Re: Inband styling (was Re: Evidence of 'Wide Review' needed for VTT) from Philip Jägenstedt on 2015-10-22 (public-texttracks@w3.org from October 2015)

From: Philip Jägenstedt <philipj@opera.com>
Date: Thu, 22 Oct 2015 13:36:40 +0200
To: Cyril Concolato <cyril.concolato@telecom-paristech.fr>
Cc: "public-texttracks@w3.org" <public-texttracks@w3.org>
Message-ID: <CAMQvoCnQxmOEdGy33cvfTACzdDku8G61kT55rJyyTttxwThWKQ@mail.gmail.com>

On Thu, Oct 22, 2015 at 10:47 AM, Cyril Concolato
<cyril.concolato@telecom-paristech.fr> wrote:
> Le 21/10/2015 15:39, Philip Jägenstedt a écrit :
>>
>> In the DASH/MP4/VTT software stack, is WebVTT the input or the output, and
>> is it a file or a stream? AFAICT, the only issue would be with a WebVTT
>> input stream (using the syntax in the spec, not any other framing) with
>> STYLE blocks at the end, but since streaming standalone WebVTT doesn't exist
>> yet I'm uncertain if that's really what you mean.
>
> These are the good questions. It is currently possible to have a
> never-ending WebVTT file being produced live, delivered over HTTP (e.g.
> using chunked transfer encoding). Such WebVTT 'stream' cannot easily be
> consumed by a browser today because the Streams API is not there yet, but it
> will be available in the future. Other (non-browser) WebVTT implementations
> can already use that today.
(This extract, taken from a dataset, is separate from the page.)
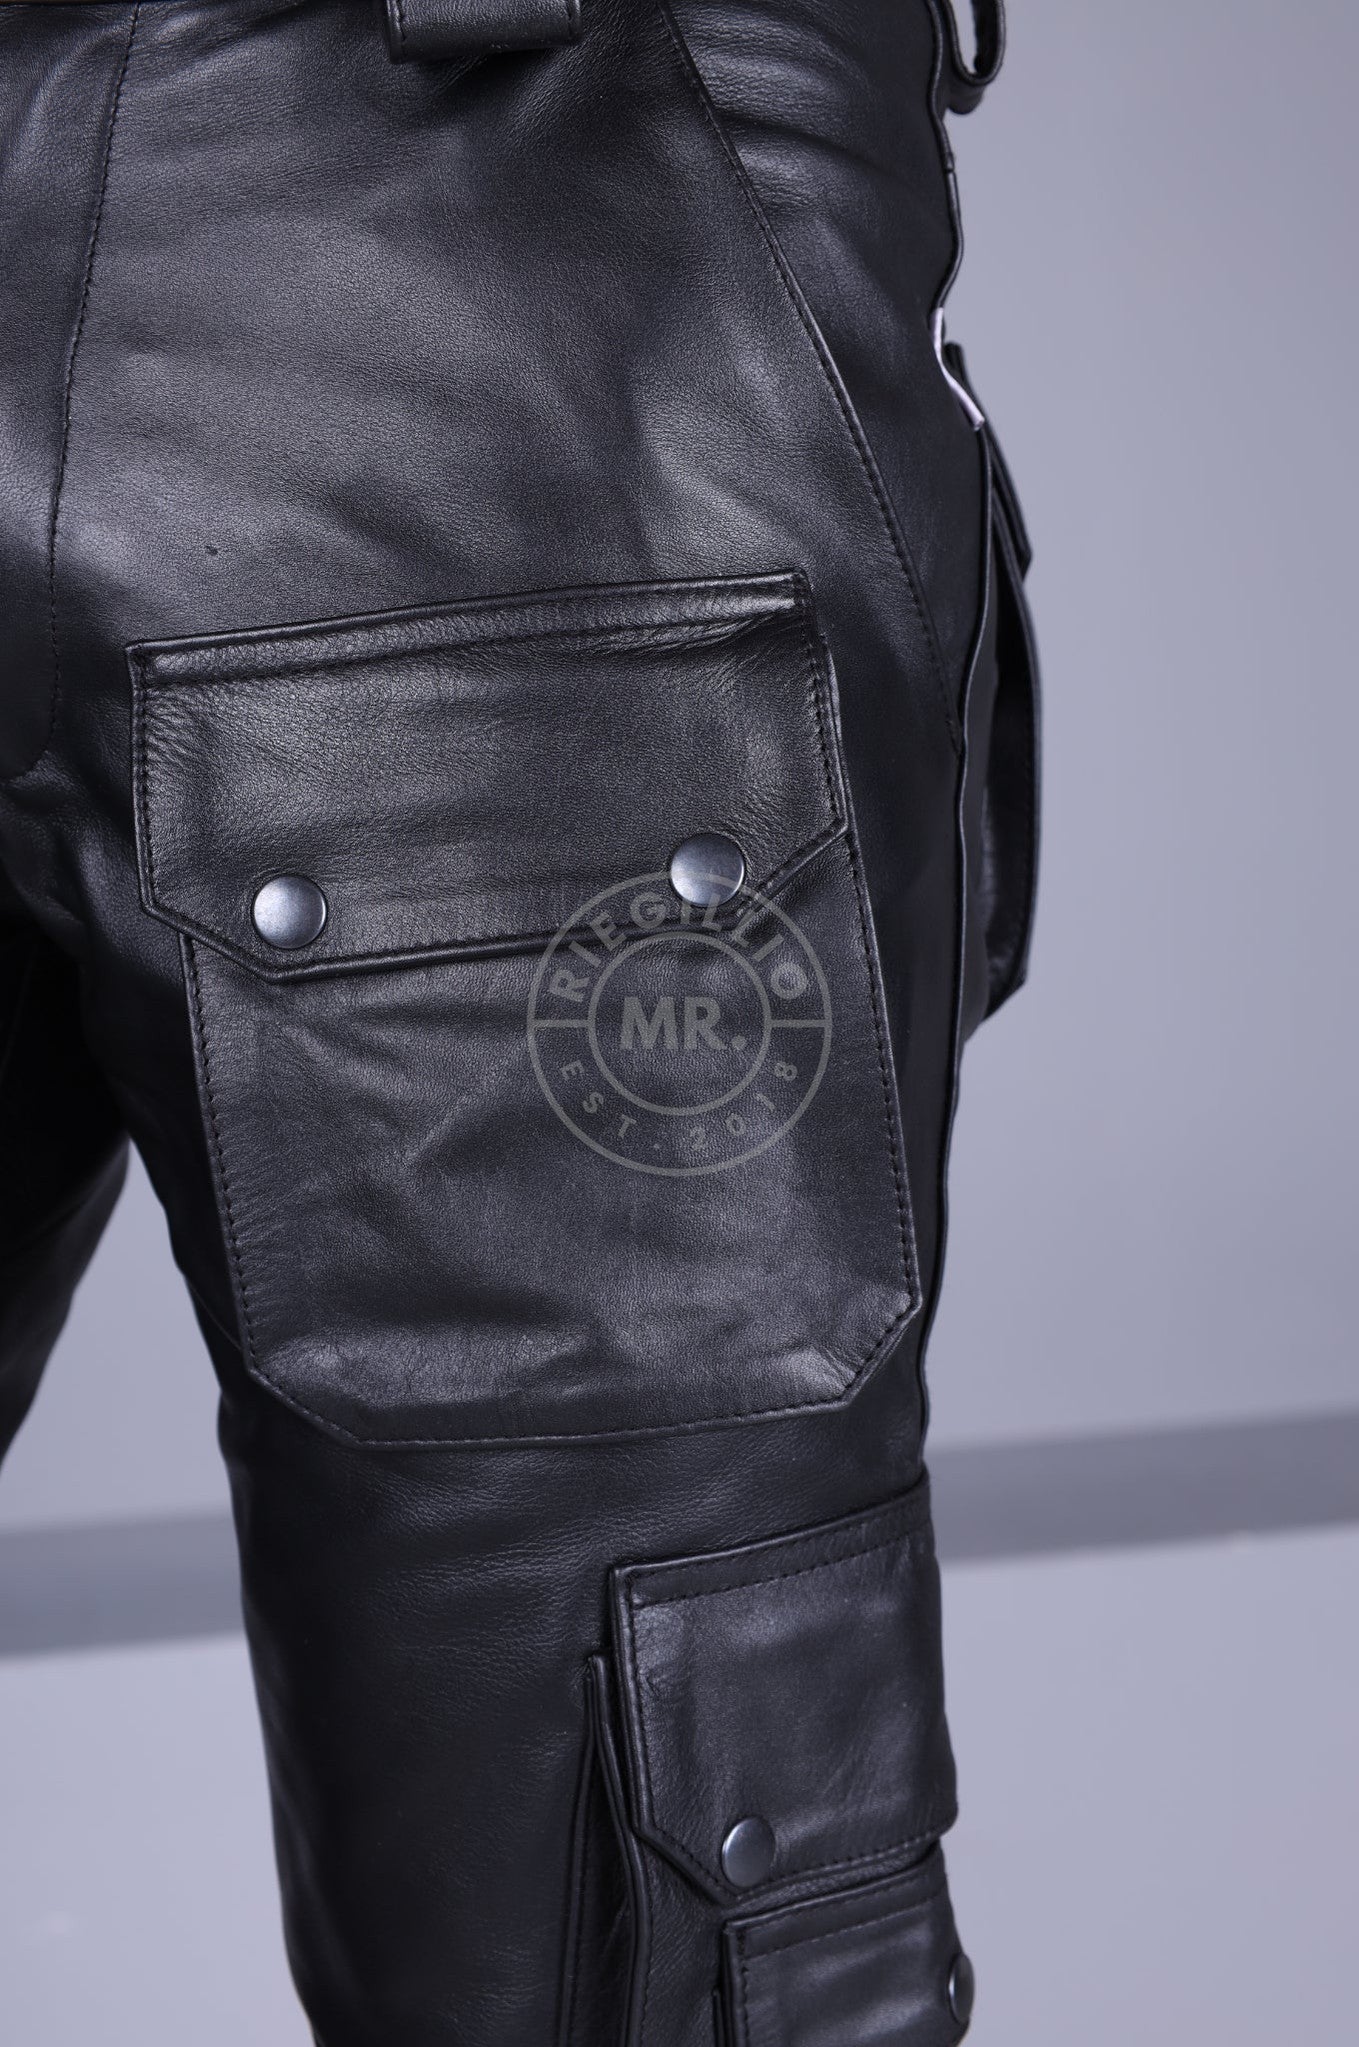 Black Leather Pants - Snap Pockets by MR. Riegillio

This might require careful creation of cues to
> insure that each point is a random access, but that's possible today.
> Several services can be done based on that: think of a WebRadio with
> subtitling. Regarding MP4 packagine, an implementation could consume such
> stream and produces MP4 segments on the fly, if needed.
>
> For those implementations, if a new untimed style header would arrive in the
> input WebVTT stream and if such style would be defined to have effects on
> the whole 'file', i.e. including to cues prior in the 'file', then playing
> the live stream versus recording the stream and then playing a file would
> not have the same result. That would be problematic. That's why I think that
> styles should either be in the header (with semantics that they are valid
> for the whole file and without the ability to be in between cues) or as a
> timed block with a well defined time validity (like cues), or as settings of
> a cue. For the last two options, it really looks like WebVTT would become a
> multiplex of two types of timed data (cue and styles), I'm not sure we
> should go in this direction and if a separate style file/stream wouldn't be
> better.

Do you have a pointer to such a never-ending WebVTT file deployed on
the public web? I honestly didn't think they would exist yet.

To be pendantic, the reason that never-ending WebVTT files don't work
in browsers isn't because of the Streams API, but because the media
element's readyState cannot reach HAVE_FUTURE_DATA until the text
tracks are ready:
https://html.spec.whatwg.org/multipage/embedded-content.html#the-text-tracks-are-ready

This is what the spec bug is about, some mechanism to unblock
readyState before text track parsing has finished:
https://www.w3.org/Bugs/Public/show_bug.cgi?id=18029

Anyway, letting the parser discard style blocks after any cues until
we've figured out the live streaming issues is OK with me. However,
let's spell out the implications of keeping this restriction for live
streams: If you don't know all of the style up front, your only
recourse is to add a new text track at the point where new style is
needed. This will involve scripts, at which point handling multiple
WebVTT tracks will compare unfavorably with just using a WebSocket
connection to deliver cues and style using a custom syntax.

Philip

Received on Thursday, 22 October 2015 11:37:09 UTC